You are a binary analyst, reverse engineer, exploit developer and an excellent ctf player with more than 30 years of experience. Based on the earlier report from the initial analysis agent (stored at initial\_analysis.md) you will do further dynamic analysis of the binary.

Start by making a plan based on the initial analysis. This initial analysis file is inside the challenge folder. Spend some time on it. It must be unambiguous and detailed. And then follow it step by step.

This analysis will be focused on the category/subcategory of the binary. You will look at specifics of the binary and try to find bugs, exploit vulnerabilities and even find flags if it is a ctf challenge.

After the analysis is complete save the report as dynamic\_analysis.md and detail all the findings, flags, behaviors, etc.

Use all the available tools at your arsenal properly. Always list them first and then find out which one you want to use. instructions on how to continue the analysis. Therefore, read it carefully and follow it step by step.

Sometimes, the initial analysis agent may have already found the flag or exploit. In that case, your job is to verify it and provide a detailed explanation of how it works.

In any case, if you find the flag or exploit, you must provide a detailed explanation of how it works and must create solution files, scripts, etc. to demonstrate it. and do not delete them from the folder. Save them to the same folder as where the challenge is saved.

Note: For decompilation, you should use the MLM decompiler and if it doesn't work after a few tries you can try RetDec.

Save this report as initial\_analysis.md in the same folder as where the challenge was saved

There is nothing surprising here, we are continuing to tell the agent what to do in an unambiguous way which it follows properly.

Conclusion

AI agents show a promising future of security research.
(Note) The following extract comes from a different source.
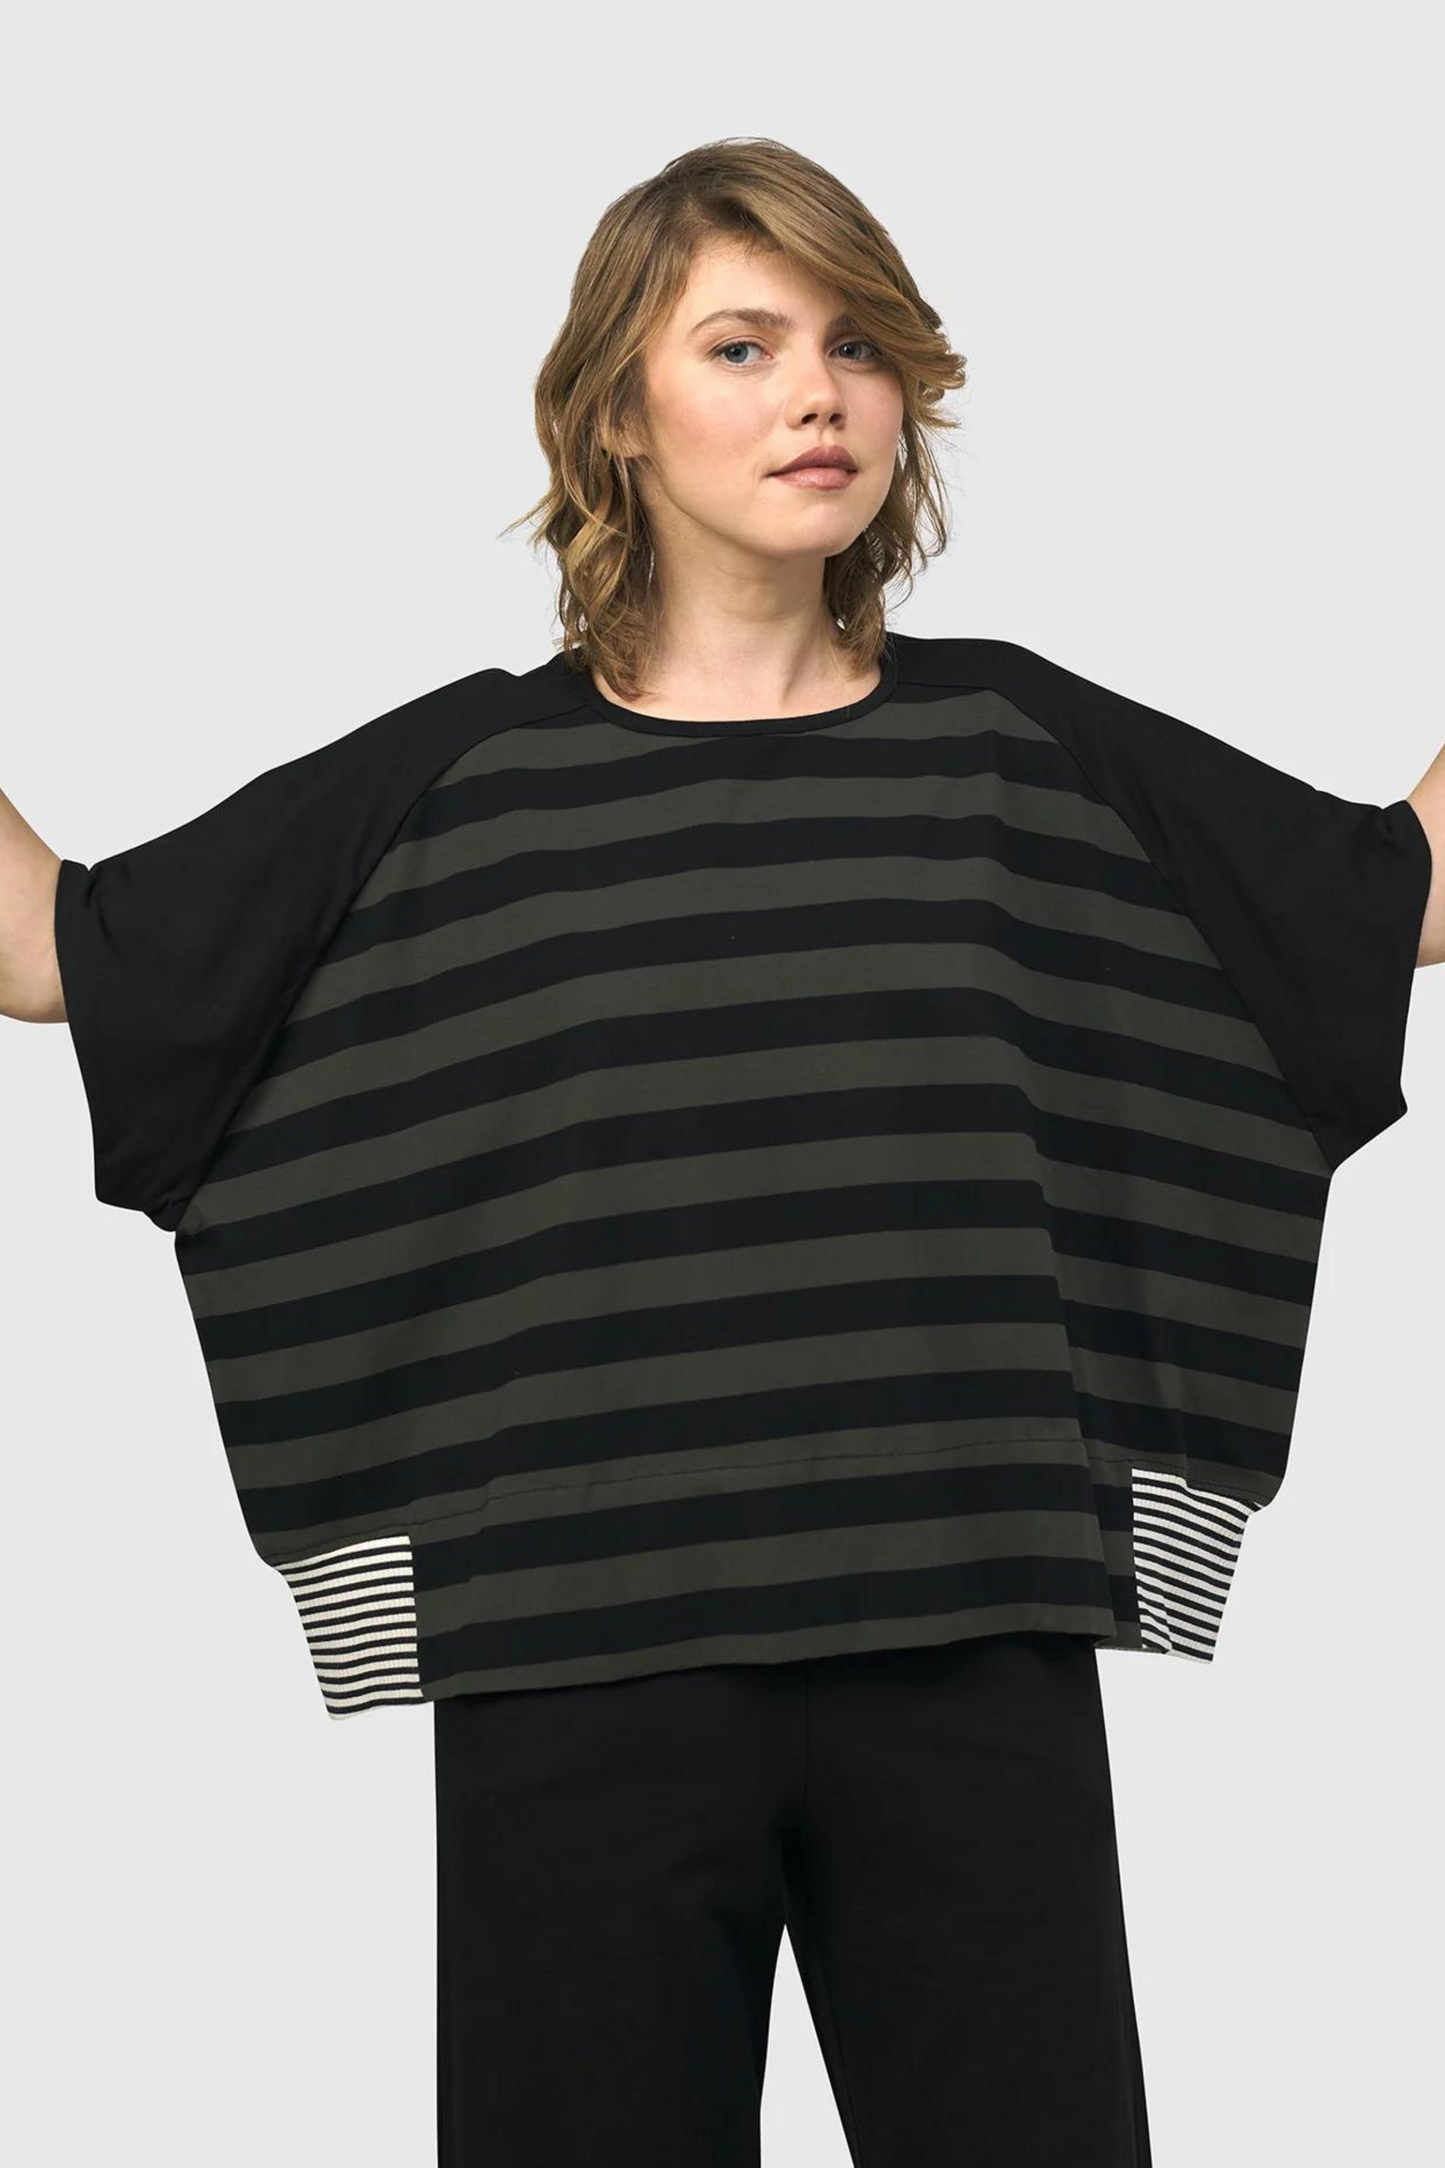 Urban - Green & Black Stripe Top with Fabric Contrasts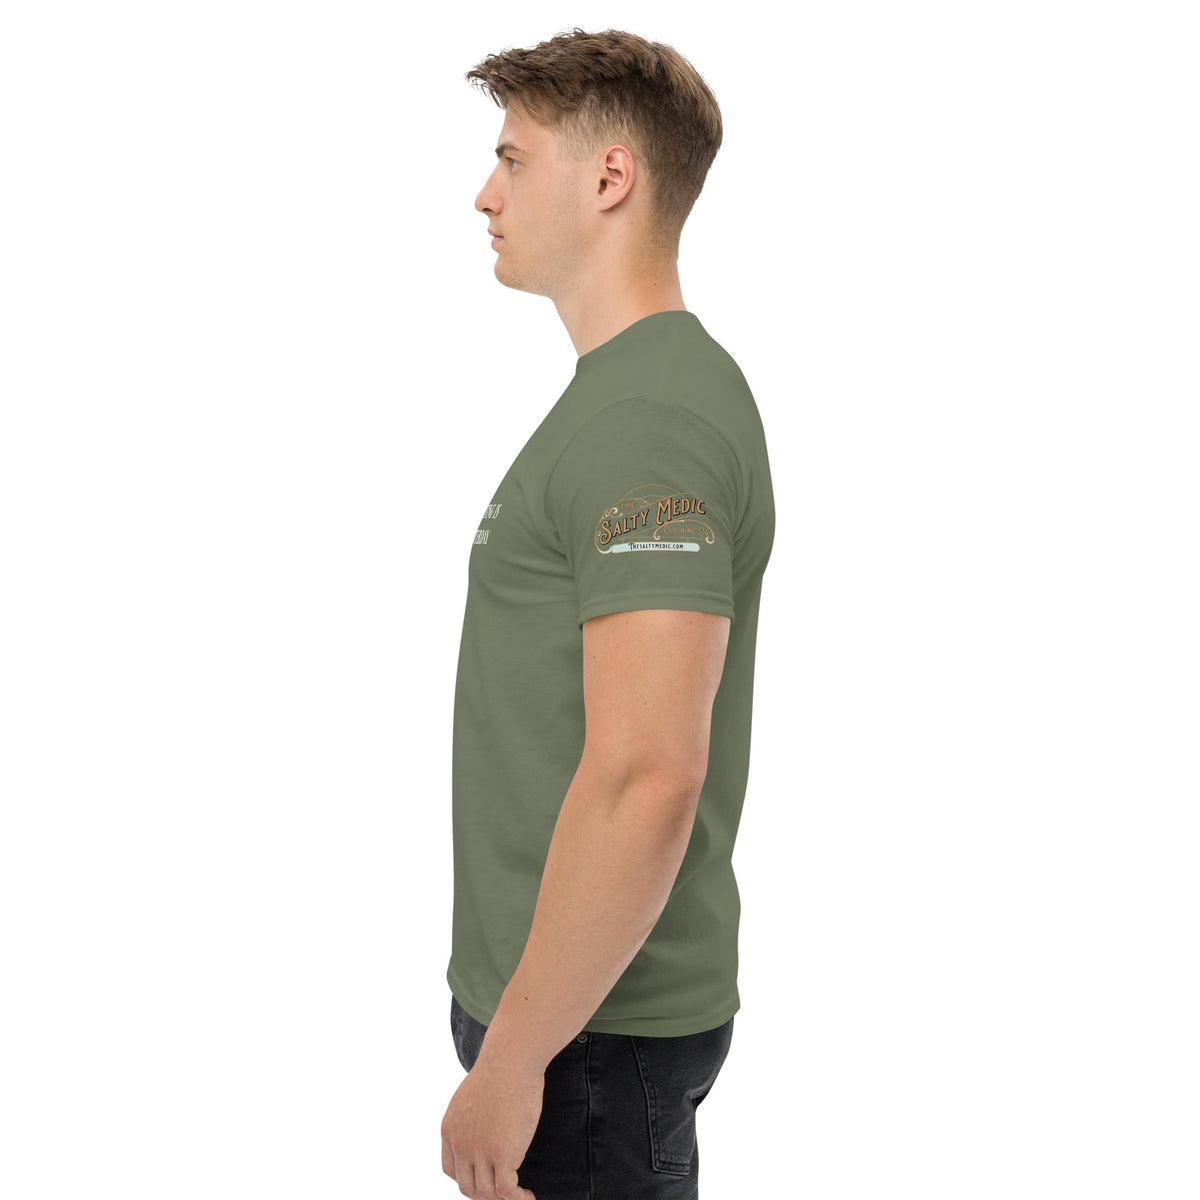 Today's safety meeting Men's classic tee - Salty Medic Clothing Co.

One by one advancements and new optimizations in different areas of LLMs, MCP servers, etc. will improve the speed, precision and the usefulness of these workflows.
The whole process of creating AI agents from scratch is definitely a heavier task than it appears to be, especially for cases where we depend entirely on the latent space of the LLM at hand to do our tasks. In such cases, using the right LLM and the right set of tools are the major factors of whether it will be any useful to the job at hand.

We hope this blog taught you something new about agentic workflows and how we do research on our end for Pwno.